Non solo Donald e Melania. La lista dei leader politici e dei reali contagiati dal Covid ormai è lunga.

Tra i primi a contrarre il virus c’è stato il segretario del Pd, Nicola Zingaretti. Il leader Dem risultò positivo al tampone i primi di marzo, ironia della sorte dopo un discusso aperitivo milanese “contro la paura” organizzato assieme al sindaco, Beppe Sala.

“Non perdiamo le nostre abitudini, non possiamo fermare Milano e l’Italia – scriveva Zingaretti su Facebook a fine febbraio - la nostra economia è più forte della paura: usciamo a bere un aperitivo, un caffè o per mangiare una pizza”.
Nicola Zingaretti
Nicola Zingaretti

Neppure due settimane dopo invece l’Italia si è fermata: chiusa per Covid.

Sempre a marzo si ammala il primo reale: è Alberto di Monaco. Il principe, 62 anni, ha rassicurato tutti attraverso un’intervista concessa in esclusiva a People.

“Mi sento bene, ho i sintomi della febbre, sembra un caso piuttosto lieve”, aveva detto ai giornalisti.

Alla fine se l’è cavata con un po’ di tosse, febbre e congestione nasale. Ma nel Principato la notizia era stata accolta con preoccupazione visto che Alberto due anni fa aveva dovuto combattere con una polmonite.

Alberto di Monaco
© AP Photo / Francisco Seco
Alberto di Monaco

Nello stesso mese il virus entra a Buckingham Palace. Il principe Carlo risulta positivo al tampone. Si negativizzerà a fine marzo, ma a giugno, in una delle prime visite post-lockdown, confesserà ad alcuni medici di portarsi ancora dietro gli strascichi dell’infezione.

Principe Carlo
© AP Photo / Kirsty Wigglesworth
Principe Carlo

Dopo il primogenito della regina Elisabetta, è stata la volta di Boris Johnson. Il premier britannico, 56 anni, che all’inizio dell’emergenza sanitaria proponeva l’immunità di gregge come soluzione, si è ritrovato in terapia intensiva al St Thomas Hospital di Londra.
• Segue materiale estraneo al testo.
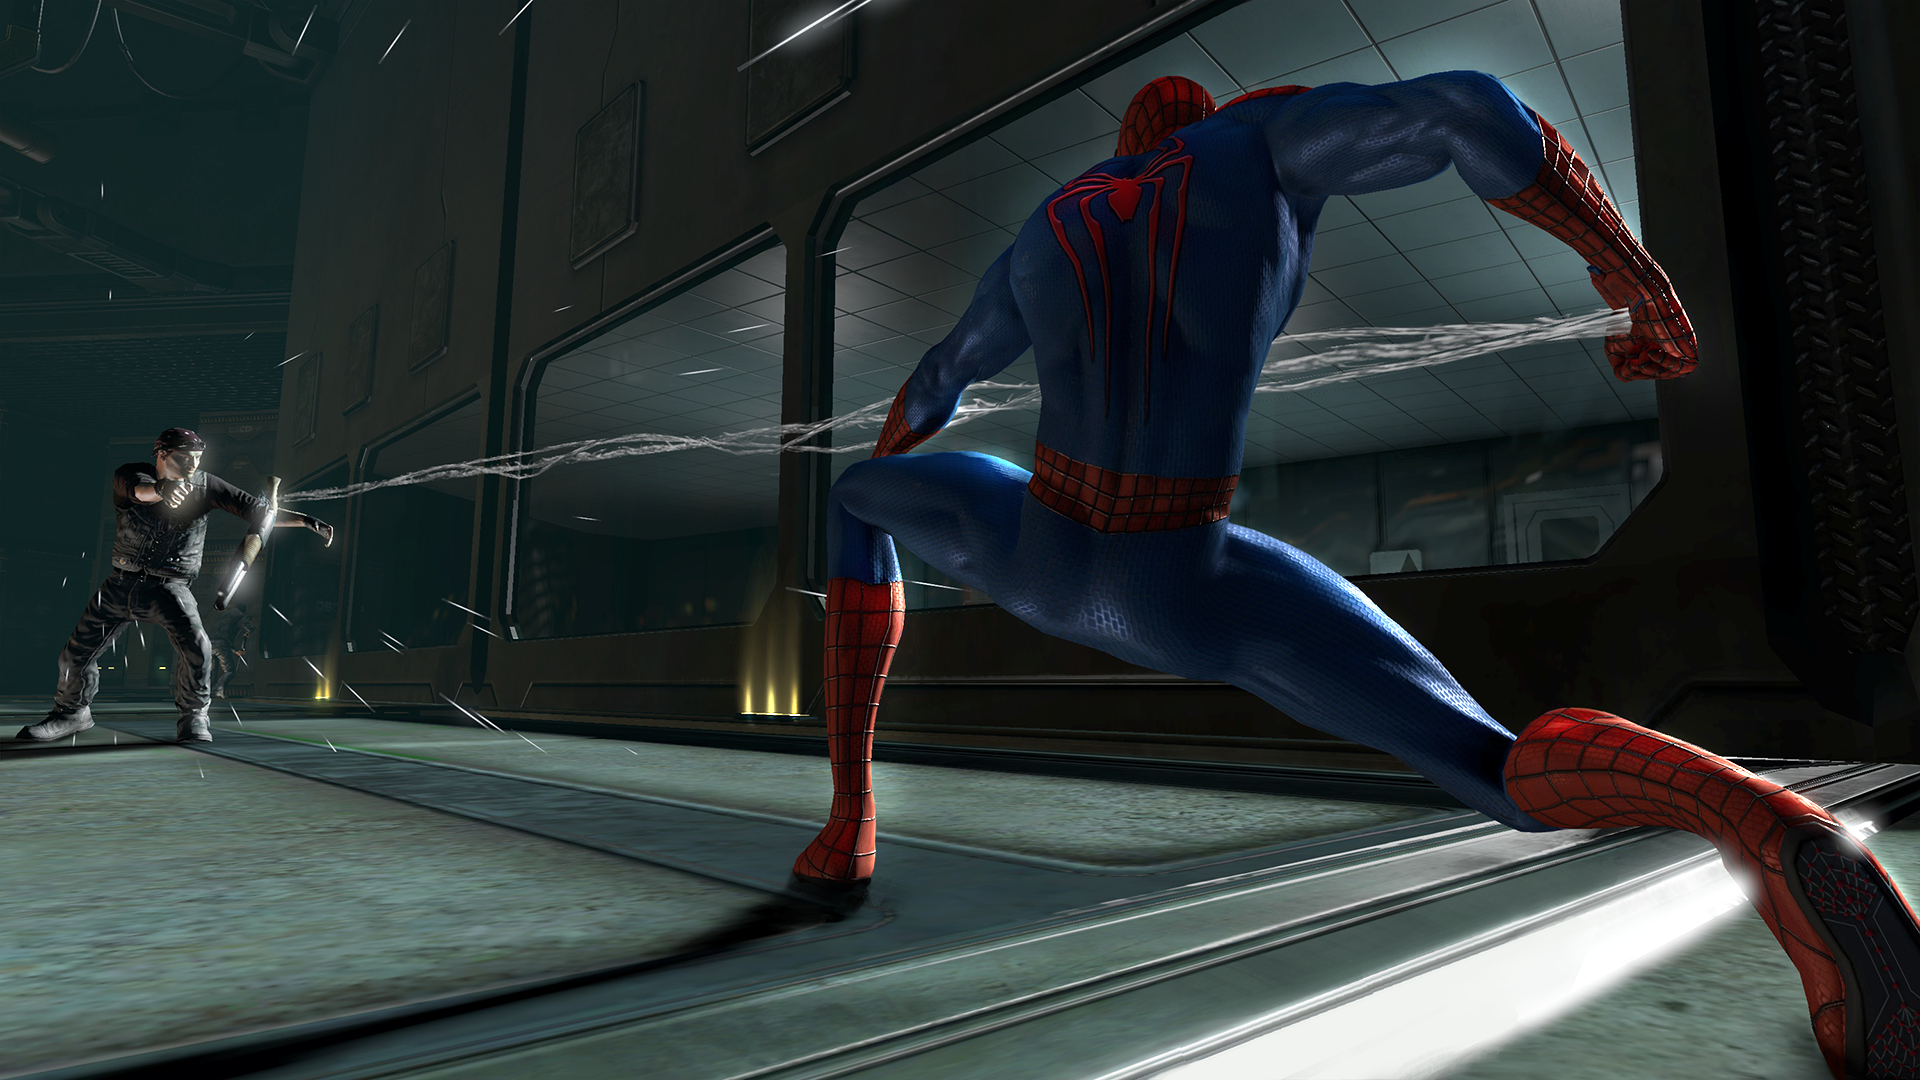 The amazing Spider-man (игра, 2012). Человек паук 2012 года игра. Спайдермен игра 2015. Spider man 2 the game.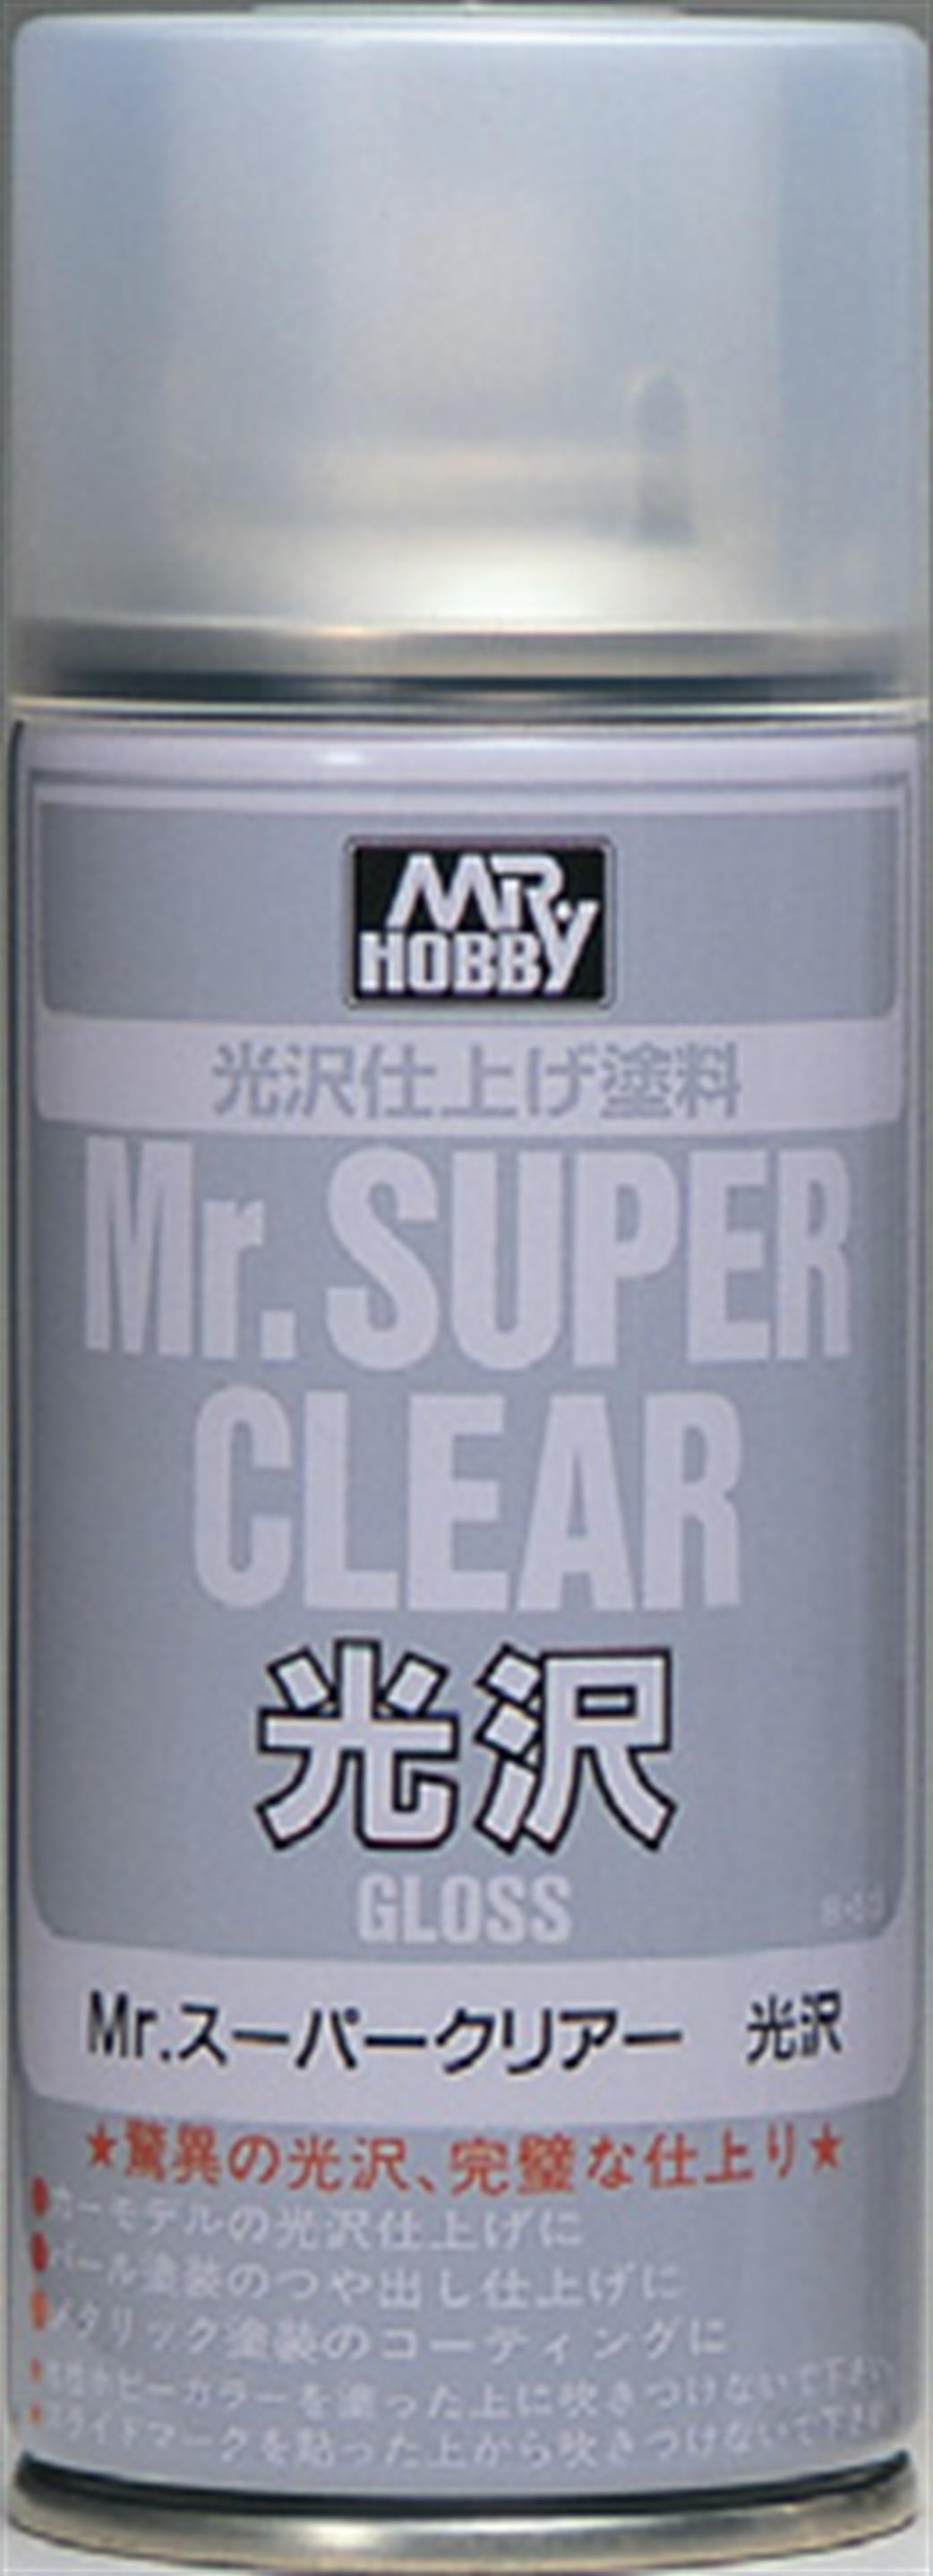 Gunze Sangyo  B-513 Mr Super Clear Gloss

“Ho rischiato di morire”, confesserà a maggio, una volta superata la malattia.

Ora promette misure più severe se gli inglesi non rispetteranno le restrizioni introdotte per frenare la crescita dei contagi.

Britain's Prime Minister Boris Johnson walks to his office in Downing Street after a cabinet meeting in London, Tuesday, Sept. 15, 2020.
© AP Photo / Frank Augstein
Boris Johnson

Non ha mai smesso di scherzare sul virus, invece, il presidente brasiliano, Jair Bolsonaro, contagiato all’inizio di luglio. Dopo essere guarito si è dovuto sottoporre ad una terapia antibiotica per un’infezione, forse collegata alla malattia.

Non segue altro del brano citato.